● Work task:
A verbatim reproduction of the lines below, from the line containing "Billionaires Lounge and Club" through the line containing "Time is money", both ends included, is the whole required output.

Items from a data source
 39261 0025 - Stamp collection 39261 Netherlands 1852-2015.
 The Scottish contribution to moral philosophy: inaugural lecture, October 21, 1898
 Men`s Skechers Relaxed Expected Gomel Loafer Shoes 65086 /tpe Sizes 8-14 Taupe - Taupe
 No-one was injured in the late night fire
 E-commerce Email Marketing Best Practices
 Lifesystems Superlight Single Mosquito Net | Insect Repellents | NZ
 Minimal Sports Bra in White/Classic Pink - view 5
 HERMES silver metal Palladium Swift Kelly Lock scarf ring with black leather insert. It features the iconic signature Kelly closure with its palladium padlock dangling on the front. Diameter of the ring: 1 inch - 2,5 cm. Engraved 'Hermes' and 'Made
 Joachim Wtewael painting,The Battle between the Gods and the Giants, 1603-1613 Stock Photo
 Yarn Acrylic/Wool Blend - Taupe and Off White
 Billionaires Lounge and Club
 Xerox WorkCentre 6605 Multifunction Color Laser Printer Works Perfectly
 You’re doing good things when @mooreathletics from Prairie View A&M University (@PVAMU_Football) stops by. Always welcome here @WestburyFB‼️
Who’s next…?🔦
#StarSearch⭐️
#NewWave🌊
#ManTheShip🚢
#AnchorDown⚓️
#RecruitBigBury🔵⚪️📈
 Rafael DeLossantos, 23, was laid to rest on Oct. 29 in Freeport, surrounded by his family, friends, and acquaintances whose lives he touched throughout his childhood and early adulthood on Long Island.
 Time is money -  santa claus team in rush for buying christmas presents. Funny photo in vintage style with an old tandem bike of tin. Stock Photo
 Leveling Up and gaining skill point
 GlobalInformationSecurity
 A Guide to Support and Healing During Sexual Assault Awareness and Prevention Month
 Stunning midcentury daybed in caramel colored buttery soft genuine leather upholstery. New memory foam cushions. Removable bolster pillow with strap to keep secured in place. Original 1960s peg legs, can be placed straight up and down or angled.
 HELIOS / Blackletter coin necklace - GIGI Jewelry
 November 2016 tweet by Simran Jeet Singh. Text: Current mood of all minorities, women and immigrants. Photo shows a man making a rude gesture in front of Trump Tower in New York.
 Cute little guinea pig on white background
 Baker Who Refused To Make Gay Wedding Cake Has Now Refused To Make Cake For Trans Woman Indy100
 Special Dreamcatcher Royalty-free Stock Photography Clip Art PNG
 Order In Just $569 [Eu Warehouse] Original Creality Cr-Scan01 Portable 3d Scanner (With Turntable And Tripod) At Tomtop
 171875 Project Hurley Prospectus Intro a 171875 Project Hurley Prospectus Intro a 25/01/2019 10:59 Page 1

● Output:
 Billionaires Lounge and Club
 Xerox WorkCentre 6605 Multifunction Color Laser Printer Works Perfectly
 You’re doing good things when @mooreathletics from Prairie View A&M University (@PVAMU_Football) stops by. Always welcome here @WestburyFB‼️
Who’s next…?🔦
#StarSearch⭐️
#NewWave🌊
#ManTheShip🚢
#AnchorDown⚓️
#RecruitBigBury🔵⚪️📈
 Rafael DeLossantos, 23, was laid to rest on Oct. 29 in Freeport, surrounded by his family, friends, and acquaintances whose lives he touched throughout his childhood and early adulthood on Long Island.
 Time is money -  santa claus team in rush for buying christmas presents. Funny photo in vintage style with an old tandem bike of tin. Stock Photo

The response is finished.